CIG, which began in September 2004, has achieved most of the short-term goals outlined in the original proposal to the NSF. Significant accomplishments for CIG include (1) the adoption of modern software engineering techniques and infrastructure for our community; (2) development of several packages using common components, such as PyLith for the short-term tectonics community and Gale for the long-term tectonics community; and (3) deployment of the Seismology Science Gateway to the TeraGrid.

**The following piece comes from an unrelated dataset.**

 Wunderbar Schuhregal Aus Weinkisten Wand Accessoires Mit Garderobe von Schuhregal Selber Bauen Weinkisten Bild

Before the current funding ends in August 2009, CIG will have also made substantial progress on several of the long-term goals, including a compressible mantle convection code in spherical geometry linked to seismology and mineral physics; and implementation of adaptive mesh refinement (AMR) codes within the mantle convection and magma migration subdisciplines. Yet significant computational obstacles remain an impediment to modeling geophysical processes, such as robust mesh generators and solvers that are capable of handing large variations in physical properties for anisotropic, nonlinear, and plastic materials; methodologies for multiphysics modeling that incorporate thermodynamics, multiple phases and components at different time and lengths scales; and solvers and adaptive mesh refinement techniques that are capable of scaling to machines with 10,0000 and greater computational cores.

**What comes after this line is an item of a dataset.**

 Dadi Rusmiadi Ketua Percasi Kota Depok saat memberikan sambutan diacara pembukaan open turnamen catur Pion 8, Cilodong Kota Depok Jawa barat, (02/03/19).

The primary strategy employed in CIG-I has been to apply methods developed in other disciplines to geodynamics. However, CIG is rapidly approaching the limit of currently available methods and further progress in geodynamics will require development of innovative techniques in scientific computing and their application to geodynamics. The Science Steering Committee (SSC) believes CIG should continue beyond this initial funding and in a second phase, CIG-II, should seek proactive collaborations with the broader computational science community at a level far beyond that envisioned during the initial phase of CIG. This would insure that new developments in computational science target difficult obstacles in geodynamics, enlighten the computational science community of challenges in geodynamics, and bring new untapped talent to the geodynamics community.

Areas of focus for this collaboration would include developing robust mesh generation and adaption tools for geophysical applications with complex, nonplanar geometry and localized deformation, scalable solvers for problems with multiphase and multiscale physical properties and deformation, and techniques for coupled solution of physical processes operating on different spatial and temporal scales. Significant advances in these areas would permit (1) modeling of tectonic deformation across many earthquake cycles with resolution of the strain accumulation, propagating earthquake ruptures, postseismic relaxation, and evolution of fault systems; (2) integration of magmatic and fluid processes into simulations of mantle dynamics producing convection consistent with the development of plate boundaries; and (3) development of Earth Structure models that are compatible with seismic wave propagation, mantle convection, mineral physics, and the geodynamo.

These collaborative efforts would tend to be inherently more distributed than the activities in CIG-I. CIG would retain some staff members to maintain the core computational infrastructure. Most software development, however, would be done by small teams of computational scientists and geoscientists working together to overcome obstacles impeding progress of multiple subdisciplines within our community. Considerable planning will need to be directed towards developing an effective organization structure and work plan to insure that CIG maintains its vibrant, cohesive community and avoids acting as a funding agency. CIG will seek to continue in its efforts to support and promote Earth science by developing and maintaining software for computational geophysics and related fields.

Two potential sources of funding for CIG-II have been identified. The maintenance of the core computational infrastructure and community organization would potentially be funded through the NSF Division of Earth Sciences (EAR). The collaborative effort between computational scientists and geoscientists would potentially be funded through the NSF-wide Cyber-enabled Discovery and Innovation (CDI) program. In order to jump-start a detailed discussion of such a collaborative effort, NSF has tentatively agreed to fund a joint computational mathematics and geodynamics workshop to identify areas of mutual interest for collaborative research.